Hi. My name is Bill and I am an alcoholic.
Today is a very important day for me because it is the anniversary of my 21st year of sobriety. Yes, it is a mind-boggling 21 years without a drop of alcohol entering my body. As I reflect on the events of the past 21 years it is apparent to me that much has changed in me, hopefully, almost all of it for the better.
I believe the most important change has been my ability to live my life by one of the fundamental teachings of Alcoholics Anonymous, that is, "One Day At A Time."
This concept was totally foreign to me prior to March 18, 1990. Now, on reflection, it was the major thing that saved me during that first tumultuous and frightening year when it seemed that my world was crashing down around me. People who I thought were my friends were calling for my resignation, my young grandsons were being approached by aggressive reporters and my home in Bartow was being picketed by the Ku Klux Klan.
I think I survived, especially during that first terrible year, because I came to believe that my Higher Power, whom I choose to call God, would not deal me more than I could handle on any one day.
I also began to make my way through the AA program by attending meetings and by working the suggested 12 Steps Of Recovery, which are:
1. We admitted we were powerless over alcohol - that our lives had become unmanageable.
2. Came to believe that a Power greater than ourselves could restore us to sanity.
3. Made a decision to turn our will and our lives over to the care of God, as we understood Him.
4. Made a searching and fearless moral inventory of ourselves.
5. Admitted to God, to ourselves, and to another human being the exact nature of our wrongs.
6. Were entirely ready to have God remove all these defects of character.
7. Humbly asked Him to remove our shortcomings.
8. Made a list of all persons we had harmed, and became willing to make amends to them all.
9. Made direct amends to such people wherever possible, except when to do so would injure them or others.
10. Continued to take personal inventory and when we were wrong promptly admitted it.
11. Sought through prayer and meditation to improve our conscious contact with God as we understood Him, praying only for knowledge of His will for us and the power to carry that out.
12. Having had a spiritual awakening as the result of these steps, we tried to carry this message to other alcoholics, and to practice these principles in all of our affairs.
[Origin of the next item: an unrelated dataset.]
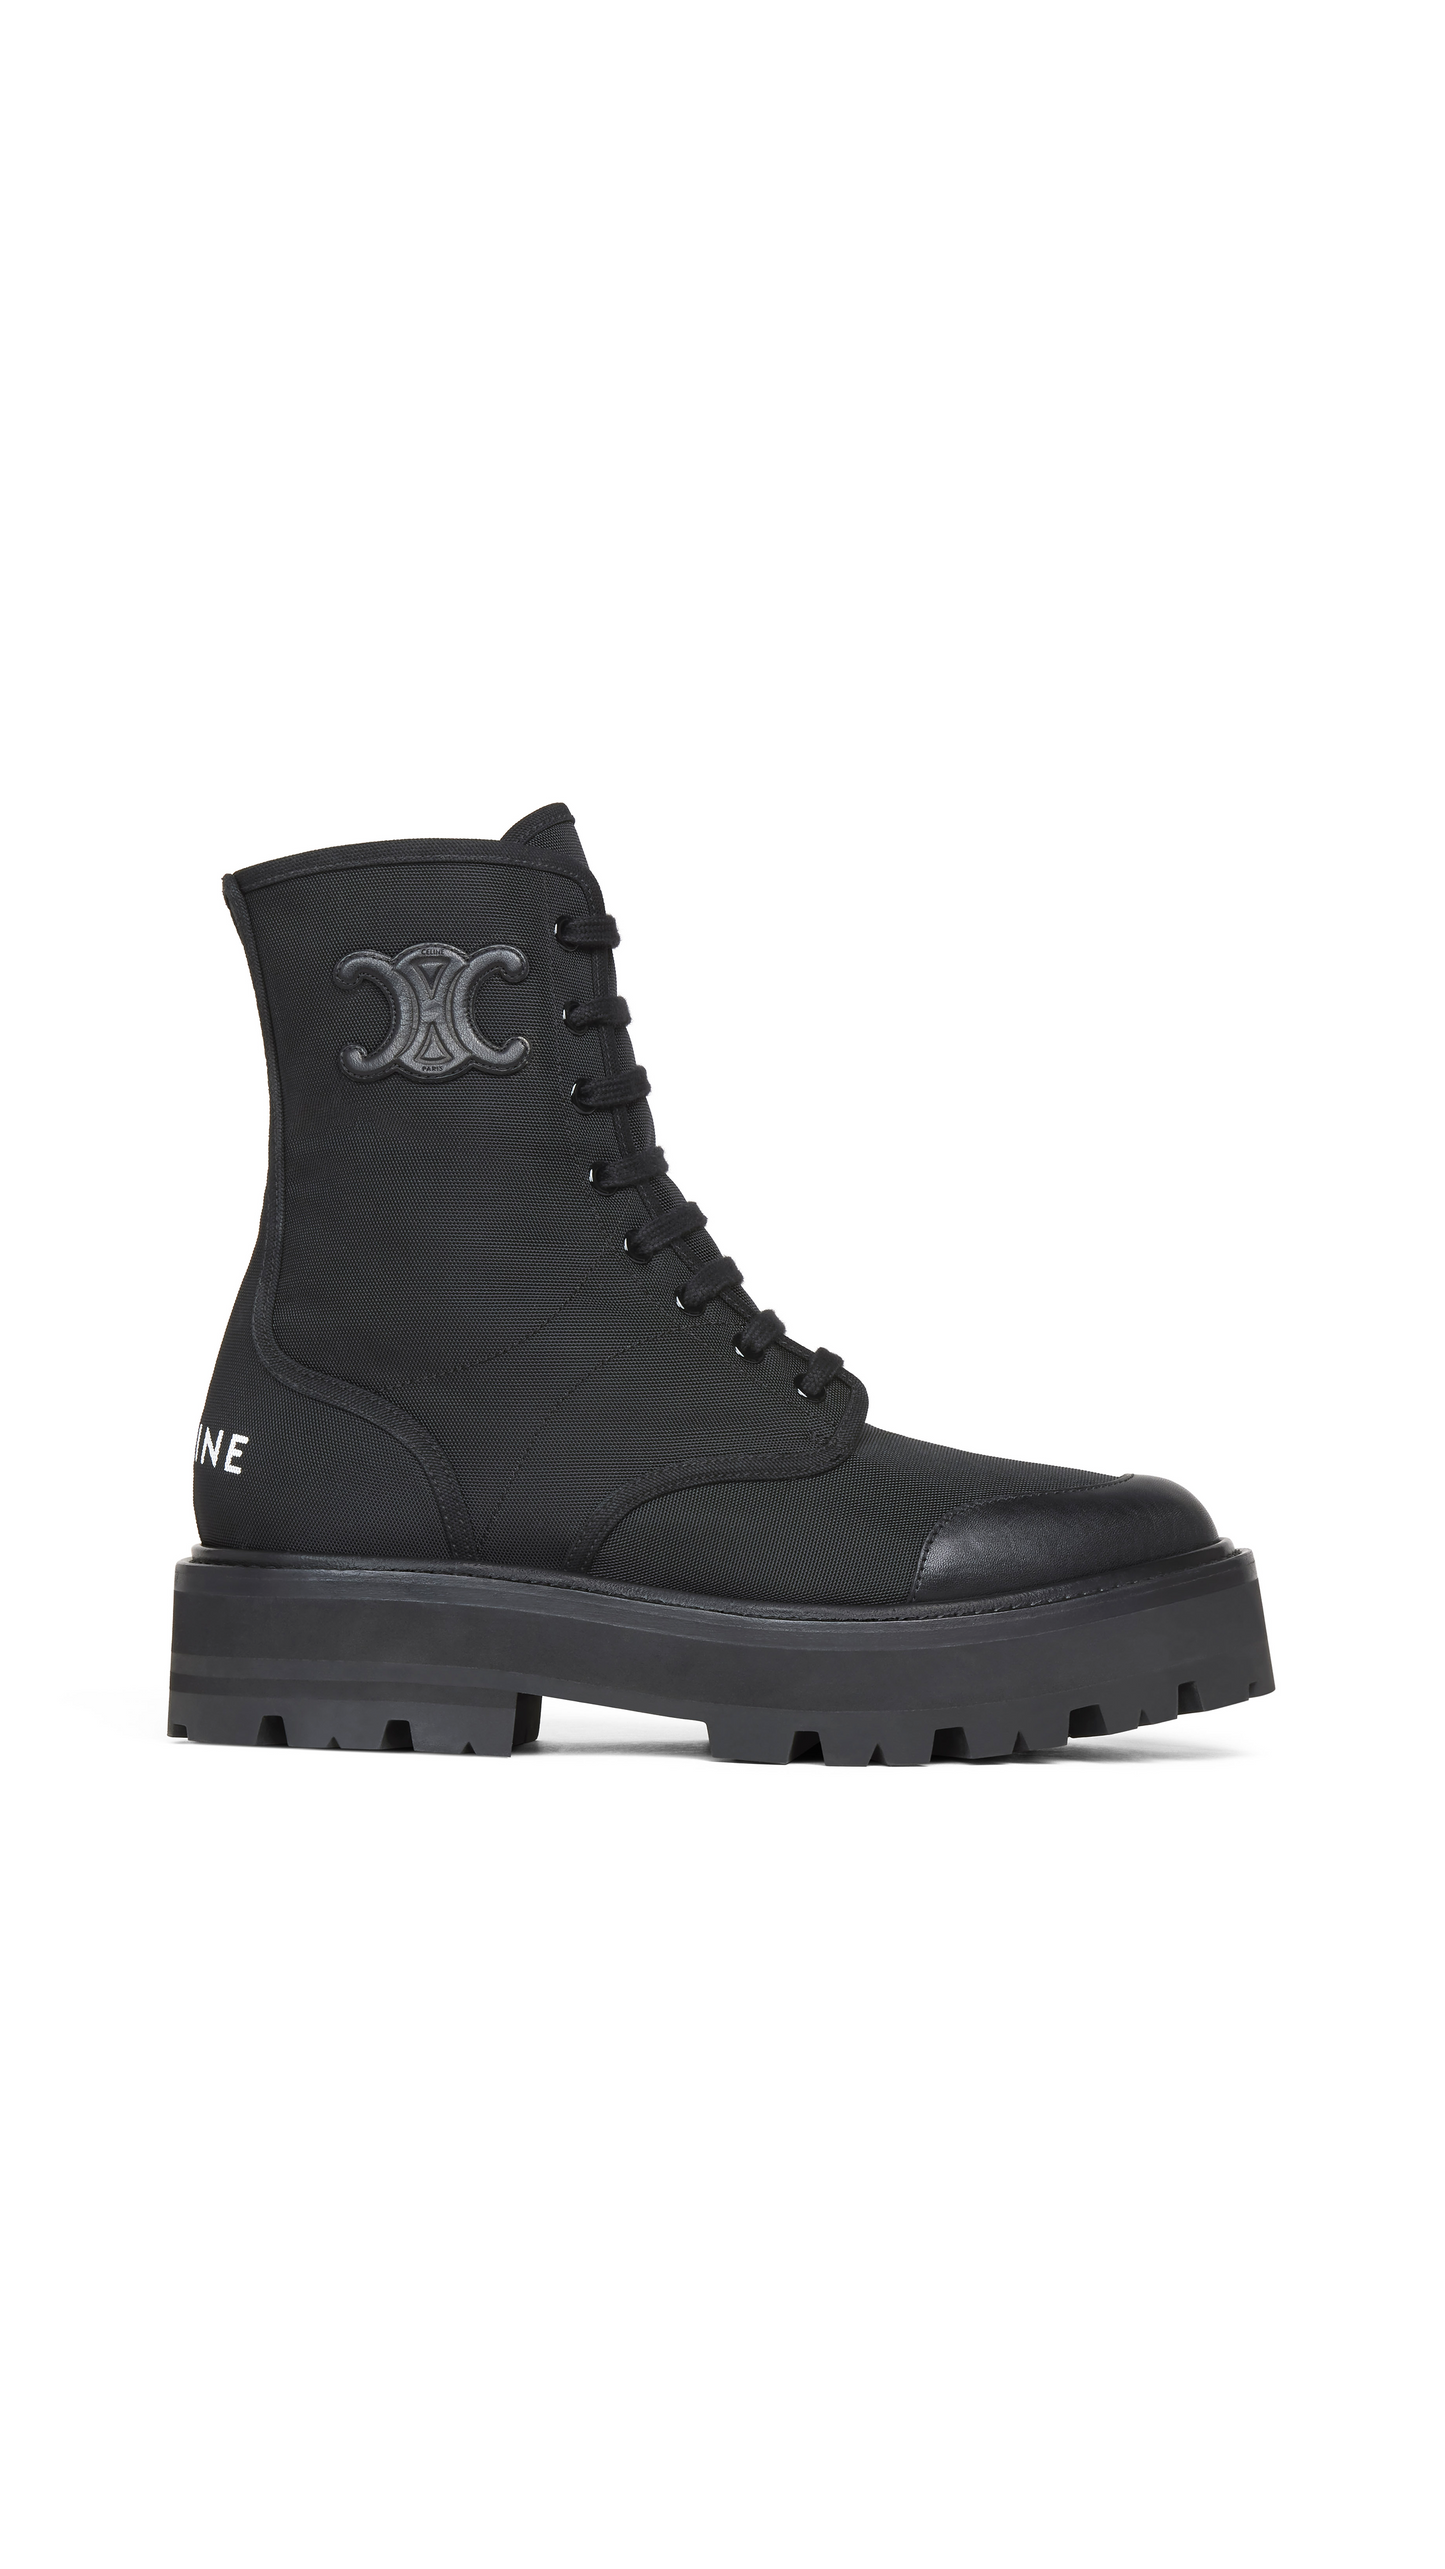 Bulky Laced Up Boot In Nylon And Shiny Bull - Black

As I have written before, at my retirement party in Bartow, FL, in January 1995, I made reference to the role of Alcoholics Anonymous in my recovery by reading the following from the book called "Twenty-Four Hours A Day" --
YESTERDAY, TOMORROW, AND TODAY
“There are two days in every week about which we should not worry, two days which should be kept from fear and apprehension. One of these days is yesterday, with its mistakes and cares, its faults and blunders, its aches and pains. Yesterday has passed forever beyond our control. All the money in the world cannot bring back yesterday. We cannot undo a single act we performed. We cannot erase a single word we said. Yesterday is gone beyond recall.
The other day we should not worry about is tomorrow, with its possible adversities, its burdens, its large promise, and perhaps its poor performance. Tomorrow is also beyond our immediate control. Tomorrow's sun will rise, either in splendor or behind a mask of clouds, but it will rise. Until it does, we have no stake in tomorrow, for it is as yet unborn.
This leaves only one day - today. Any one can fight the battles of just one day. It is only when you and I add the burden of those two awful eternities, yesterday and tomorrow, that we break down. It is not the experience of today that drives us mad. It is the remorse or bitterness for something which happened yesterday or the dread of what tomorrow may bring. Let us therefore do our best to live but one day at a time.” Twenty-Four Hours a Day, July 29, 30, and 31
Yes, this is how I have attempted to live my life for the past 7,635 days.
I deeply regret that 5 dear friends who were each with me at the beginning of my first steps toward recovery, are no longer able to share with me the wonderment of these 7,635 days lived One Day At A Time. I miss you guys, I really do.
I also must add that none of this time in recovery would have been possible without the dedicated staff at Hanley/Hazelden Center in West Palm Beach and the continued support of my family, and so many of you loyal and faithful readers. Thank you so very much.
To my NYC AA buddies, and you know who you are, thank you for allowing me to stand beside you during these difficult and trying times. Together we will continue to survive, in sobriety. Seeya at the 12:30pm Beginners Meeting.
In closing - not to preach - but aren’t The 12 Steps and One Day At A Time, in and of themselves, pretty good guidelines for living a meaningful and manageable life?
I report - you decide.
PS: My loyal and faithful readers, please feel free to pass this on to anyone of your choosing.